Hebrew & Israel education seem to be moving in various directions

8 Sep
by Laurie Rappeport

On the one hand, there are more Jewish children than ever enrolled in Jewish day schools, ranging from pluralistic schools to Federation-based institutions to schools which are affiliated with a specific philosophical or ideological mandate. Whichever Jewish day school a child attends however, statistics note that s/he is more likely to identify with Israel and with the Jewish community, marry a Jew and raise a committed Jewish family.

On the other hand, Jewish afternoon and Sunday schools are in transition. The number of overall hours of Hebrew school instruction has decreased over the past 20 years and many families are forgoing afternoon/Sunday school enrichment programs due to competition with other after-school programs programs, difficulty accessing a nearby school or a family’s general lack of affiliation with the sponsoring synagogue or temple.

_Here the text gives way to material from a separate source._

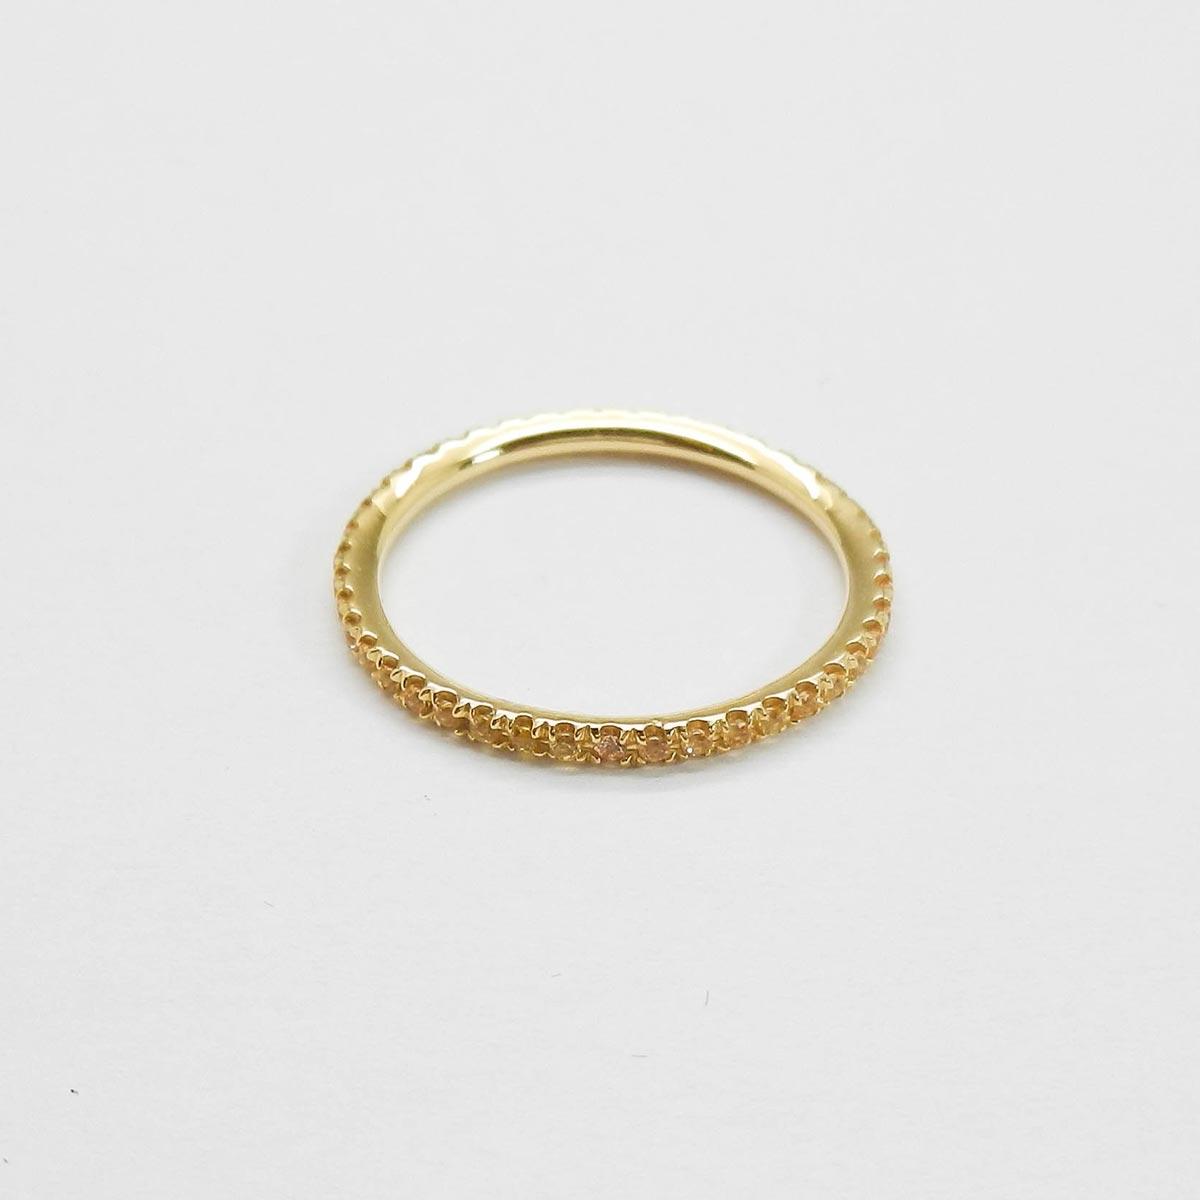 il-marchese-diamonds-diamanti-gioielli-artigianali-anello-fidanzamento-zaffiro-zaffiri-oro-giallo-1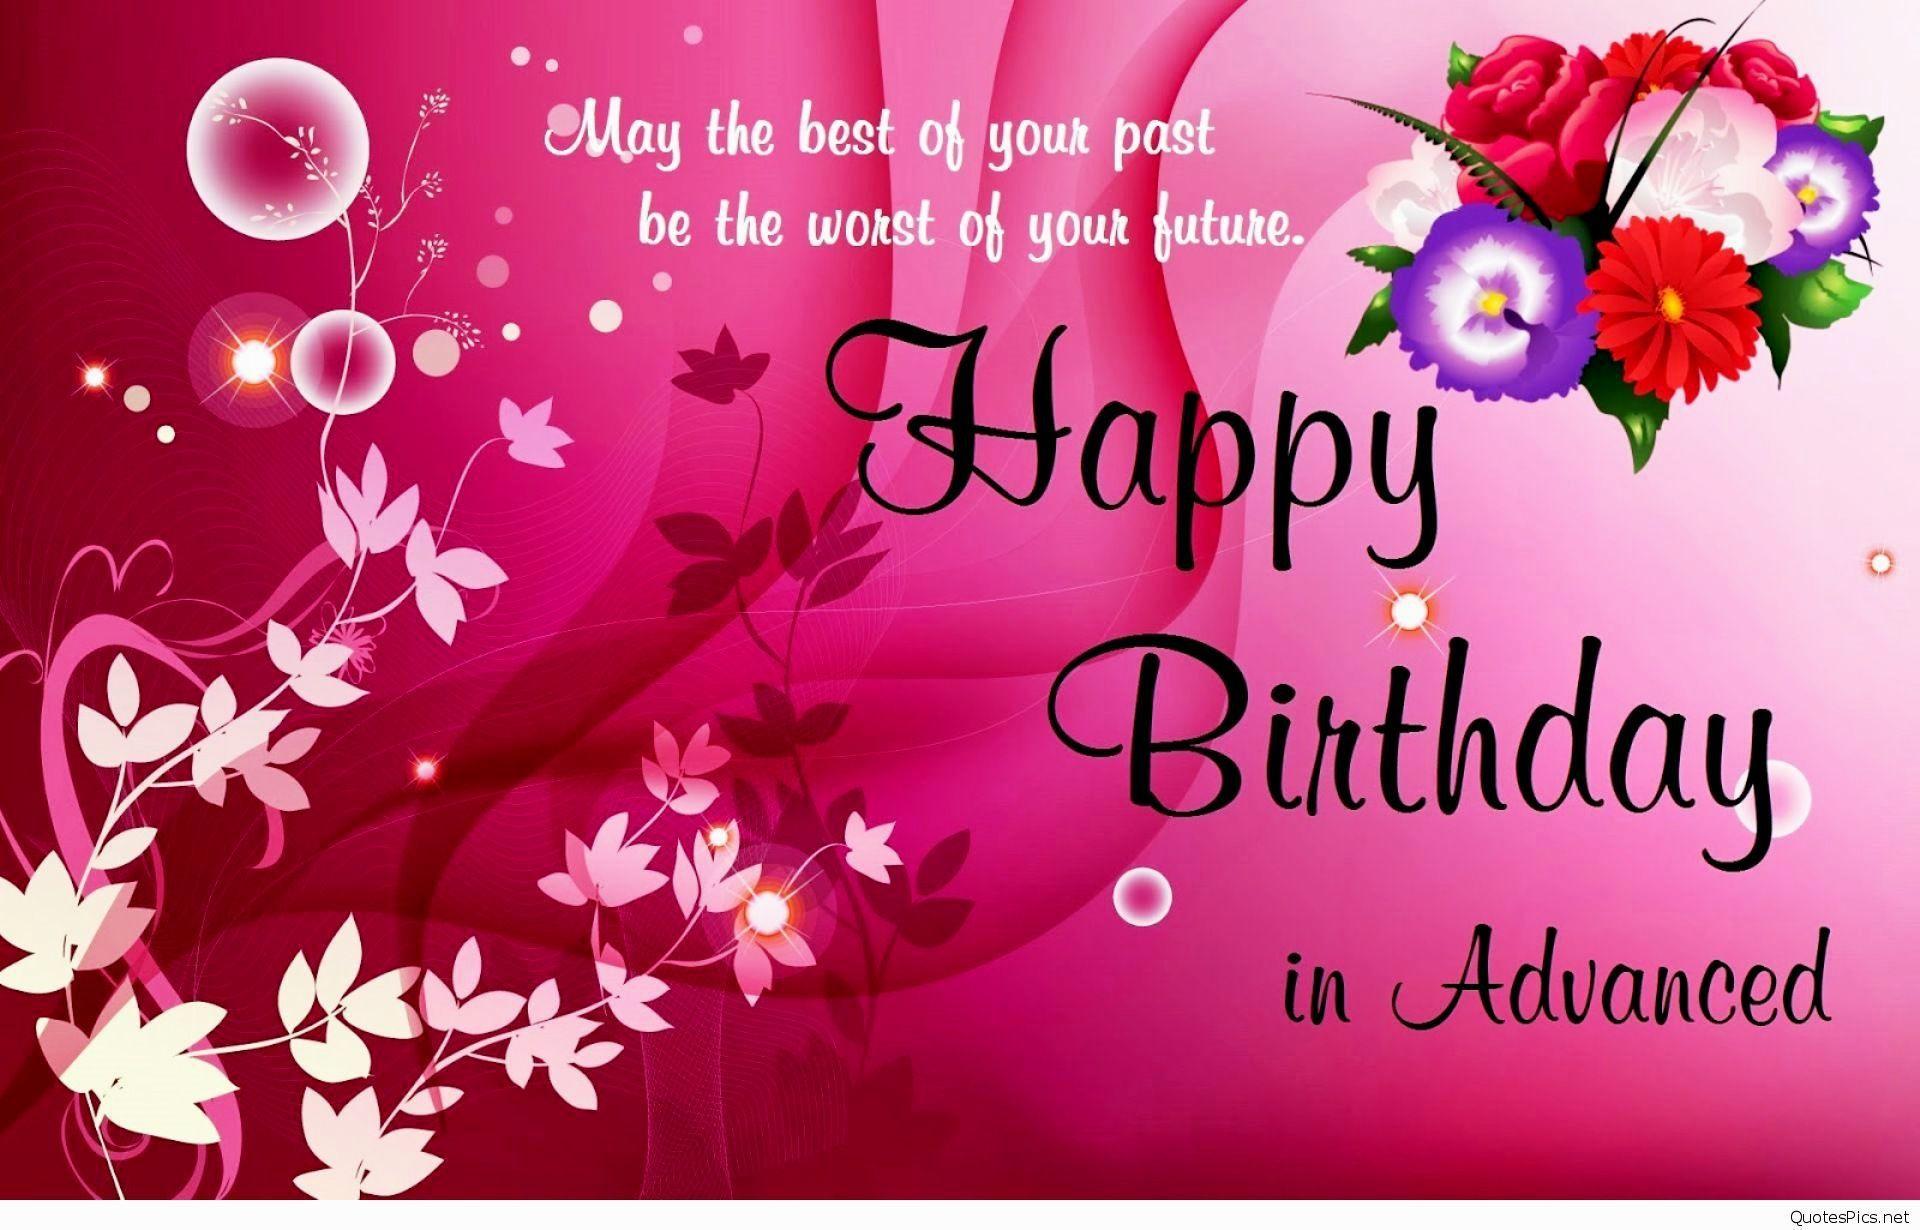 Geburtstagskarten Download (Mit Bildern)   Geburtstagsgrüße ganzes Geburtstag Bilder Kostenlos Herunterladen

If Google is any indication however, there is still significant interest on the part of parents and kids alike in Jewish learning. There are thousands of clicks every month of people searching for “online Jewish education,” “online Hebrew school,” “Jewish learning” and other keywords that point to kids’ desire to engage in some kind of Jewish learning program.

The JconnecT program has been created to address these needs. JConnecT students meet every Sunday morning for either one or two hours, depending on whether they want to register for Hip Hop Hebraics, Contemporary Jewish Issues or both sessions. The classes are geared to meet the kids’ interests and expectations as they make Jewish learning relevant for the 21st century.

Hip Hop Hebraics brings spoken Hebrew into a modern framework, using audio-visual presentations, contemporary usage and meaningful songs and dialog to engage the students in the language through modern Israeli culture.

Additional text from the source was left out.